At a Glance
- Just 32 fossil-fuel and cement companies produced over half of global CO₂ emissions in 2024
- All top-10 emitters are state-owned; Saudi Aramco alone claimed 4.3 %
- 166 linked firms released 34.7 gigatons, up 0.8 % year-on-year
- Why it matters: Concentrated emissions put climate targets at risk and sharpen focus on corporate accountability
A new Carbon Majors database tally shows global climate damage is increasingly the work of a tiny corporate club. In 2024, only 32 firms generated more than 50 % of carbon-dioxide pollution from fossil-fuel and cement production, down from 36 the previous year. The data, compiled by InfluenceMap, covers 178 of the world’s largest oil, gas, coal and cement producers.
Concentration Intensifies
Overall emissions keep climbing even as the roster of mega-polluters shrinks. The 166 companies with traceable output released 34.7 gigatons of greenhouse gases in 2024, a 0.8 % rise over 2023. State-owned enterprises dominate the leaderboard, contributing 54.4 % of fossil-fuel CO₂ despite numbering just 70. Investor-owned companies, 93 in total, accounted for 23.7 %.
The top 10 emitters are fully or majority state-owned and together produced 27.6 % of global fossil-fuel CO₂ last year:

| Rank | Company | State | Share of Global Fossil-Fuel & Cement CO₂ |
|---|---|---|---|
| 1 | Saudi Aramco | Saudi Arabia | 4.3 % |
| 2-5 | Four Chinese SOEs | China | data not itemised per firm |
| 6-7 | Two Russian firms | Russia | data not itemised per firm |
| 8 | ONGC | India | data not itemised per firm |
| 9 | NIOC | Iran | data not itemised per firm |
| 10 | One additional Chinese SOE | China | data not itemised per firm |
Diverging Trends
Between 2023 and 2024, most state-owned companies increased output: 38 raised emissions, 29 cut them. Among investor-owned firms the pattern reversed-54 reduced emissions while 39 grew them. Nonetheless, the largest private oil groups still rank among the planet’s biggest polluters. ExxonMobil, Chevron, Shell, BP and ConocoPhillips head the investor-owned list.
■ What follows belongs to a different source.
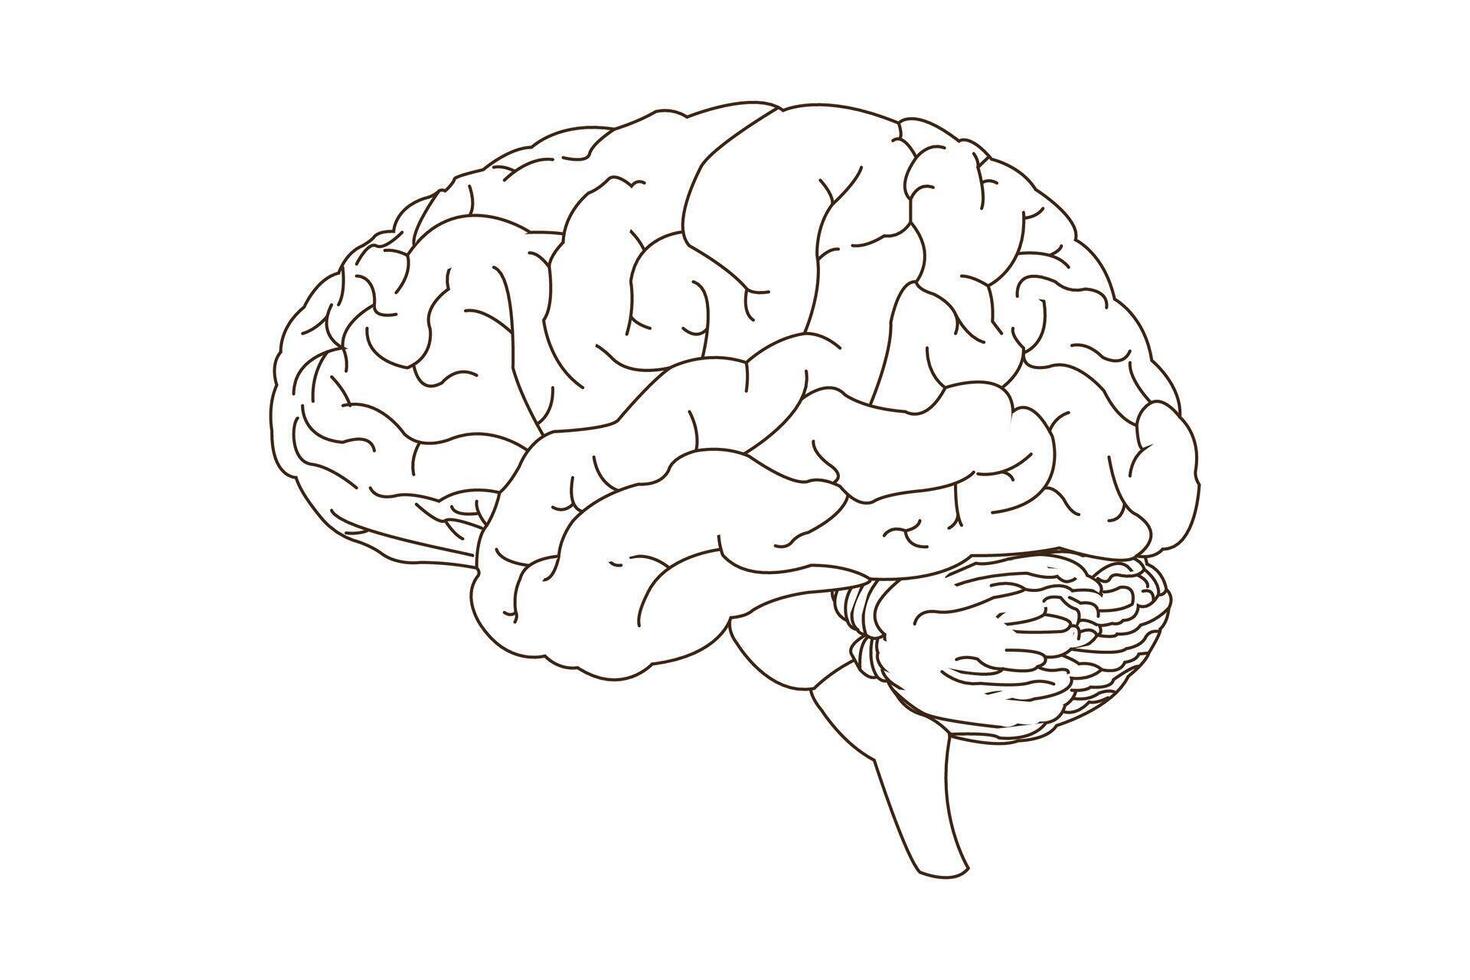 menselijk brein, lijn kunst vector illustratie. kant visie van hersenen met grote hersenen, hersenstam en cerebellum naar studie anatomie, neurologie. eps 10

“Each year, global emissions become increasingly concentrated among a shrinking group of high-emitting producers, while overall production continues to grow,” said Emmett Connaire, lead author and senior analyst at InfluenceMap.
Legal Leverage
Historical emissions data is already shaping lawsuits and legislation. In 2025, more than a dozen U.S. states referenced Carbon Majors figures while drafting climate-superfund bills. The proposed laws would require large fossil-fuel companies to pay for protections against heatwaves, flooding and other climate impacts. Separate attribution science strengthens the link: a September 2025 Nature study found emissions traced to carbon majors drove roughly half the increase in heatwave intensity since the pre-industrial period of 1850-1900.
Key Takeaways
- Fewer than three dozen companies control the majority of fossil-fuel and cement CO₂ output
- State ownership dominates the highest-emitting tier, limiting shareholder pressure avenues
- Emissions rose among most state firms but fell at a majority of private oil companies
- Courts and regulators are using the database to assign liability and seek damages
With global temperatures still rising, pinpointing responsibility sharpens the debate over who pays for adaptation and decarbonisation. Carbon Majors plans to update its dataset annually, ensuring the spotlight stays on the powerful entities that hold disproportionate sway over the world’s climate trajectory.